The author has long loathed this idea that ‘women are innately good, innately nurturing’ and bewailed ‘the spunky heroines’ and ‘dismissably bad tramps and vamps’ taking over so much of contemporary fiction. She subverts the literary paradigms of strong women characters where the only major personality trait they have is built around dogmatic gender roles, by recognizing their proclivity to be ‘pragmatically evil, bad, and selfish’. 

For instance, Camille’s winsomeness typically straddles the ideals of a temptress or an angel, but she is neither. The deeper she delves into the gory labyrinths of mystery by navigating the riptides of Windgap, the deeper she falls into the cesspool of her own scarred past.

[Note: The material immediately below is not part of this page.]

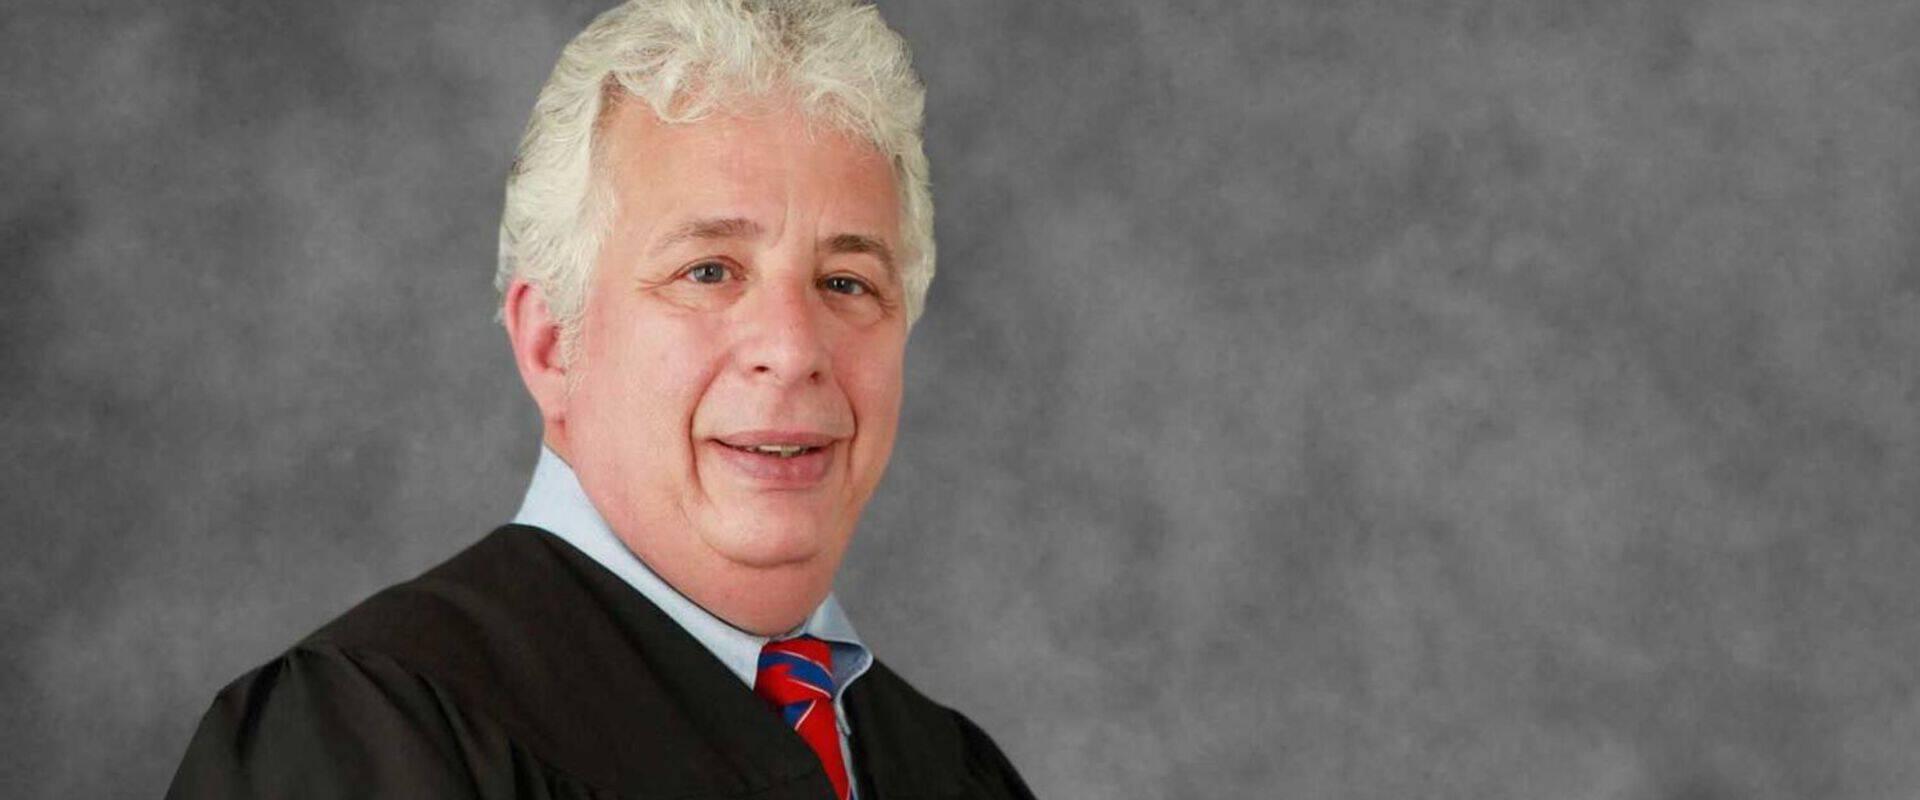 JBLS Hon. Steven I. Milligram Memorial Fund

All these baroque pieces of Flynn’s boorish nightmare, with a tinge of ghoulish elements, could have easily been bogged down to edgy caricatures, but they are written with an admirable sense of ugliness – not in a hideous sort of way. Rather, the howling obfuscation of a bad fever dream. A long night’s sleep that turns into a rotten stupor. Stifled, ghastly and tattered. 

This part Southern-Gothic thriller, bubbling with Hitchcockian motifs, is a sordid tale entailing the worst of human frailties. At times, Flynn suffers the same slip up that has been a common feature for young writers – poor figurative writing, but her dark yet evocative prose in the tradition of Shirley Temple more than balances the scale in her favour.

It is the kind of book you would want to read marooned on a warm summer afternoon under the soft embrace of the Sun because of how visceral and harrowing it tends to get. If you’re not fond of literature that disturbs you on a psychological level and keeps you awake in the dying embers of twilight hours – sane people usually aren’t – then pack your bags and off you go!